Scope (Languages)

In addition to addressing technological challenges in ASR, SLT, MT, and automatic minuting, ELITR will cover a large number of EU and EUROSAI languages (see the list at the bottom of this page) to reduce the language barrier in spoken and written communication. Our ASR technology will cover at least 6 EU languages, our MT least all 24 official EU languages, and our prototype of automatic minuting will aim at least 2. Further EUROSAI languages will be added on an experimental basis based on research and business needs of the partners. Our second use case (conference calls interpretation in alfaview platform) may also reveal unexpected e.g. Asian languages (Chinese, Japanese or Indian languages). Due to the high number of languages covered, especially in MT, where we will cover between 24 × 23 = 552 and 43 × 42 = 1806 translation directions, we will focus on a subset of languages as primary languages for research and evaluation.

The intended language coverage of the ELITR project balances the needs with the realistically available capacity and availability of training data. See the summary in the following table.

TechnologyPrimary FocusCoveredExperimental
ASREnglish, GermanFrench, Spanish, Italian, RussianCzech
SLT & MTEnglish, German –> English, German, Czechall EU languages –> all EU languagesall EUROSAI languages –> all EUROSAI languages
SummarizationEnglish, Czech

Table 1: Language and language pair level of support by the ELITR project.

Languages and language pairs with Primary Focus will receive full attention, dedicated modelling techniques (not necessarily separate models due to the multilingual approach, where we aim to save processing time and/or dependence on large quantities of training data by handling several languages at once and improvements in terms of document level translation quality.
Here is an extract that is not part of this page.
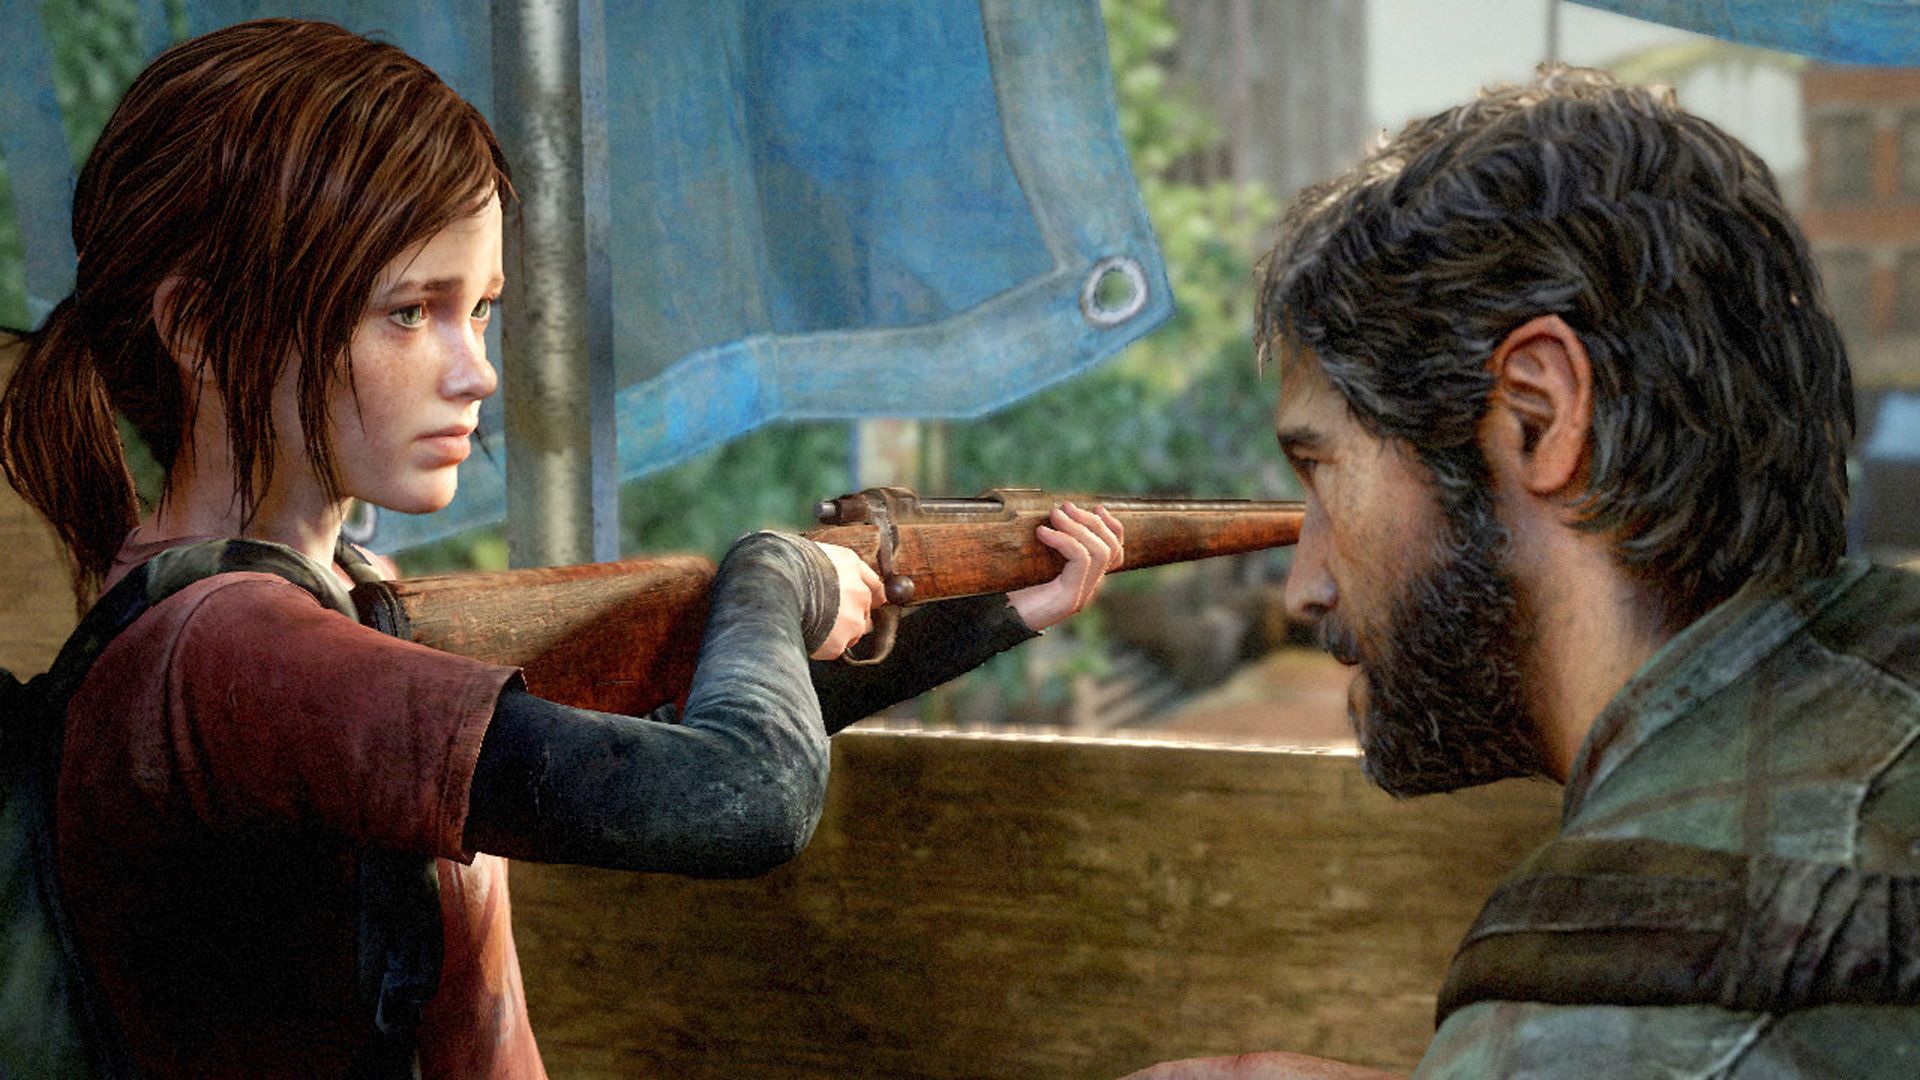 She to live there last year. The last of us 2013 Элли и Джоэл. Джоэл the last of us 1.
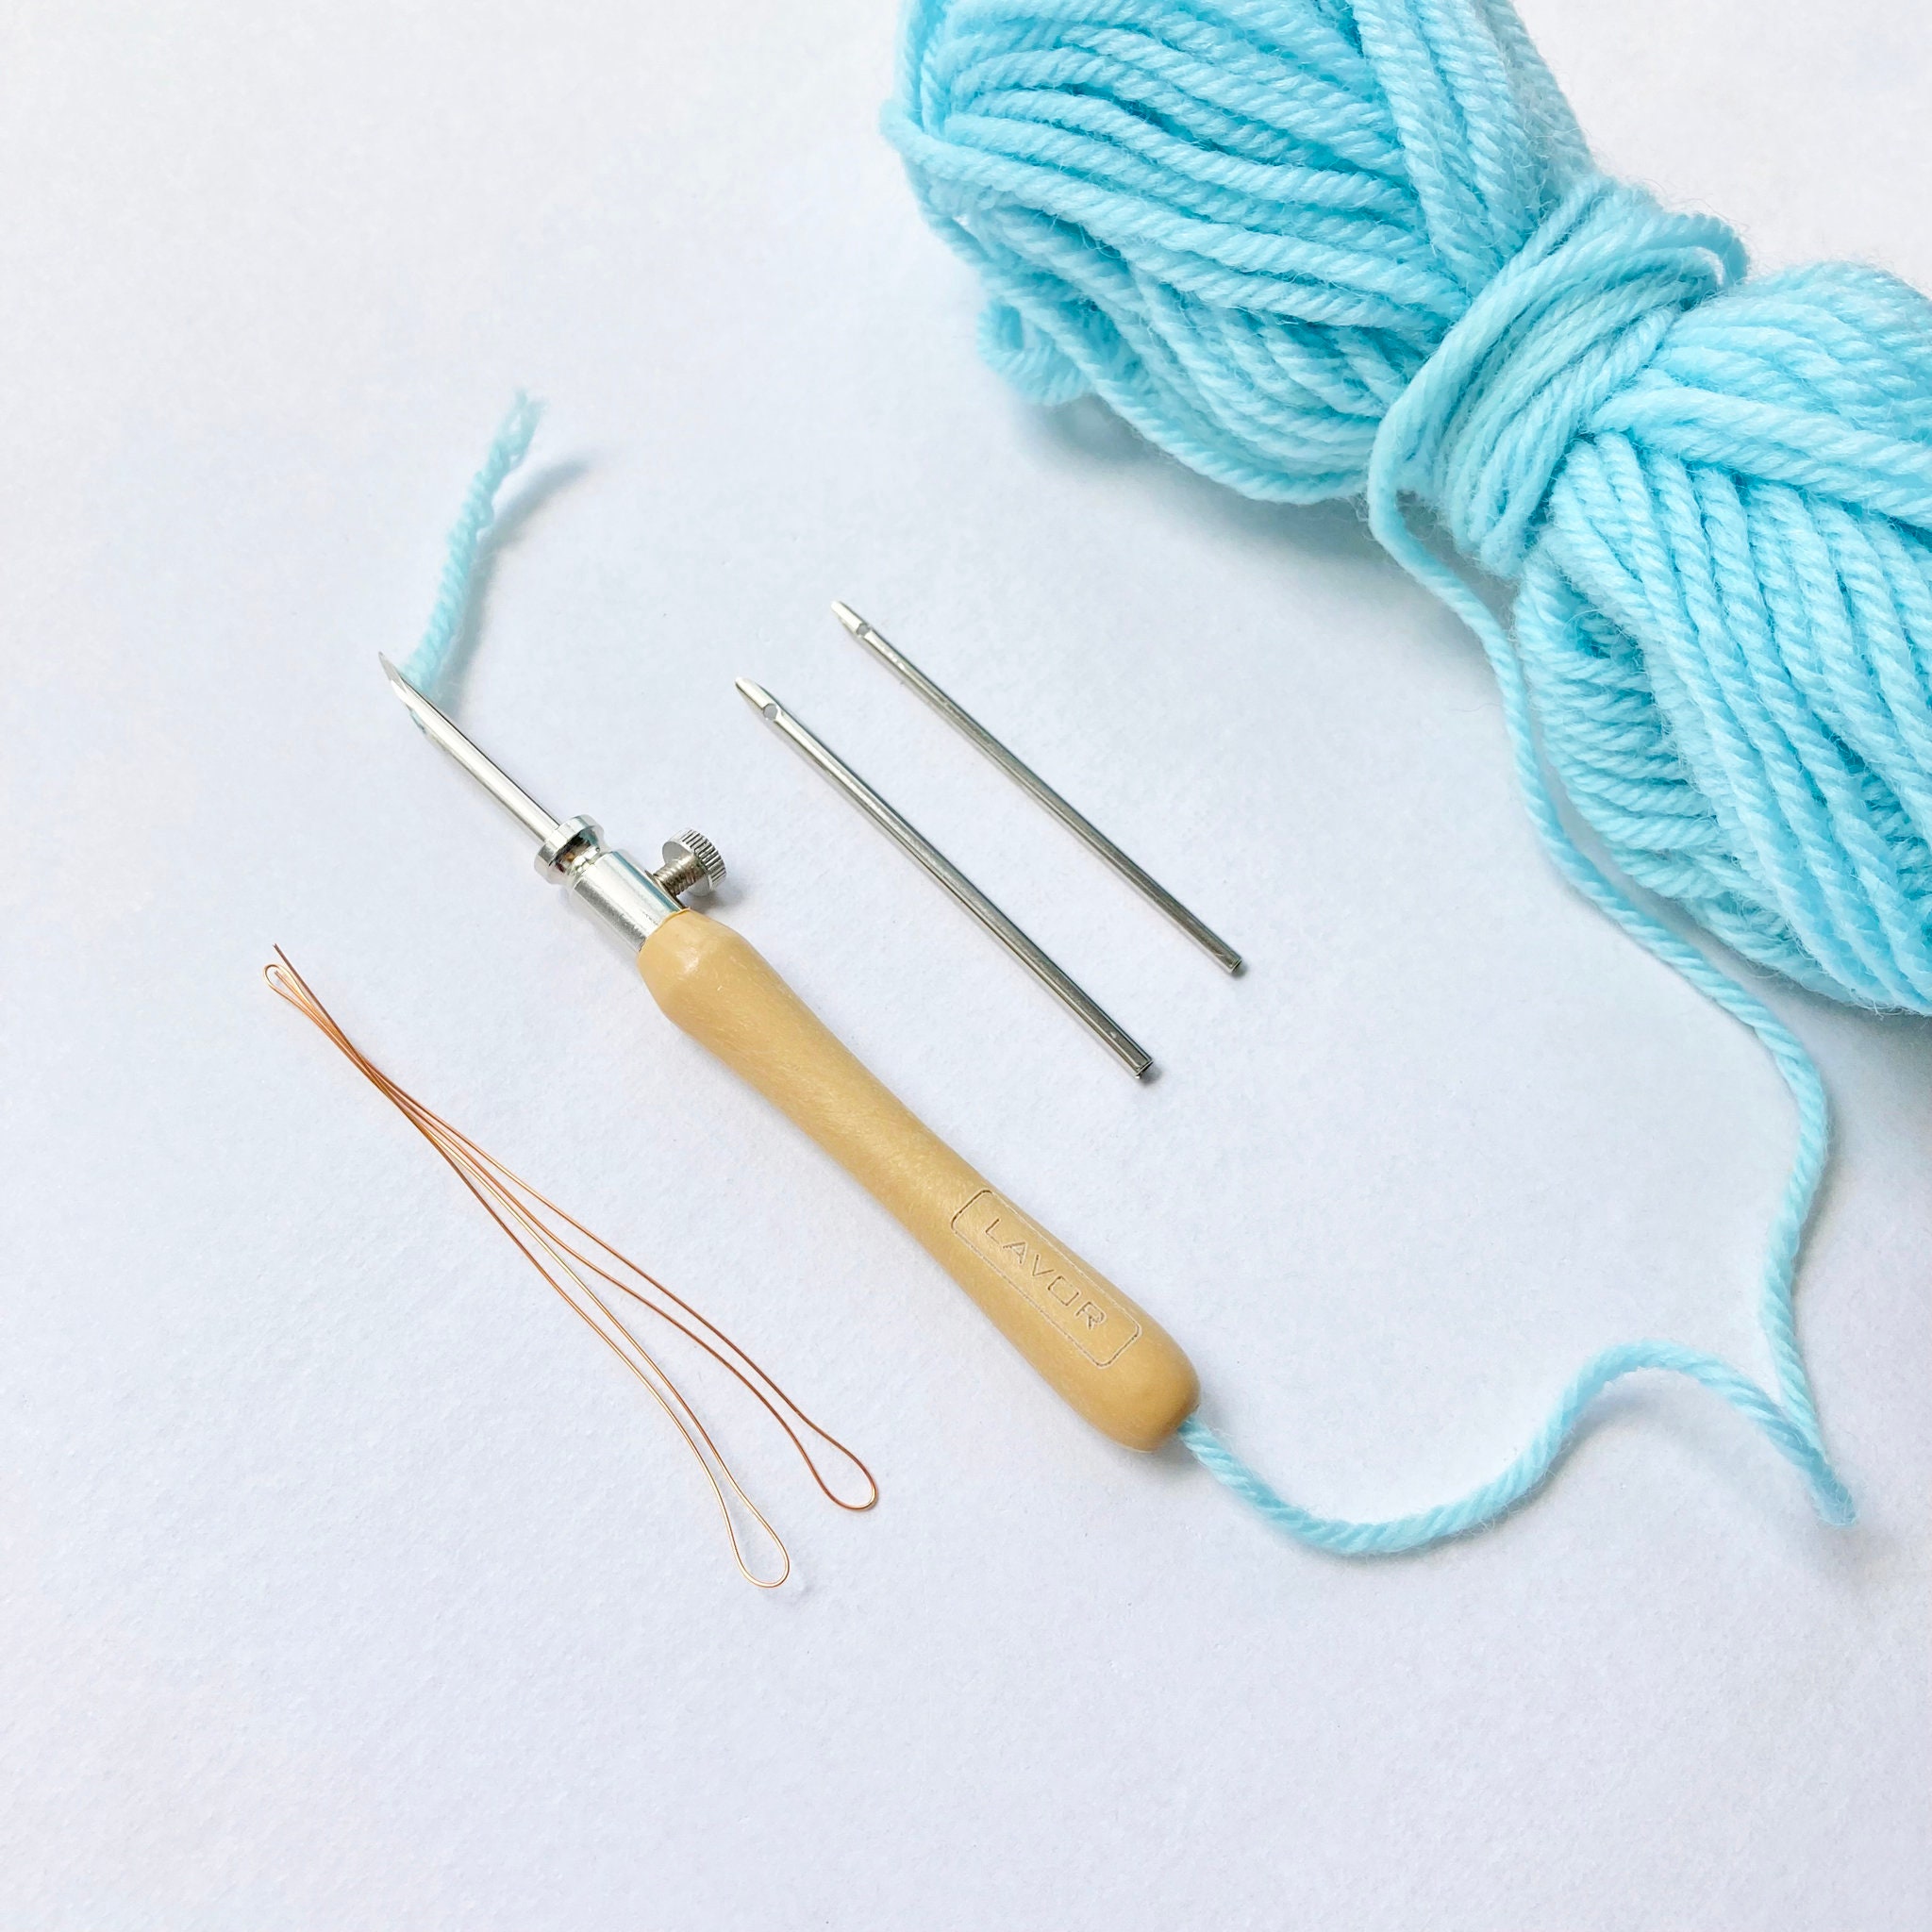 Punch Needle Kit for Beginners. Punch Needle Patterns. Punch Needle Supplies.  Punch Needle UK. Punch Needle Starter Kit. Make Your Own

Languages Covered will be fully integrated and provided by ELITR to the user partners AV and SAO as needed for their usecases. For experimentally-supported languages, specific language pairs will be selected based on research or business reasons as the time progresses. Likely candidates include Arabic (a United Nations language, 310M speakers), or Ukrainian (45M speakers, to explore the relatedness with Russian).

Compared to existing solutions, e.g. CEF eTranslation service our objective is to substantially advance the quality and efficiency of MT, especially in the case of spoken language translation, document-level translation, and for low-resource language pairs, in line with the use cases of this project.

The 24 official EU languages are:

Bulgarian, Croatian, Czech, Danish, Dutch, English, Estonian, Finnish, French, German, Greek, Hungarian, Irish, Italian, Latvian, Lithuanian, Maltese, Polish, Portuguese, Romanian, Slovak, Slovene, Spanish, and Swedish.

There are 43 EUROSAI languages which include all the EU languages and the following ones:

Albanian, Arabic, Armenian, Azerbaijani, Belorussian, Bosnian, Georgian, Hebrew, Icelandic, Kazakh, Luxembourgish, Macedonian, Moldovan, Montenegrin, Norwegian, Russian, Serbian, Turkish, and Ukrainian.

We note that some EUROSAI languages (Moldovan, Montenegrin) have not even the most basic support solutions available worldwide, in part due to the fact that their official status is not universally recognized.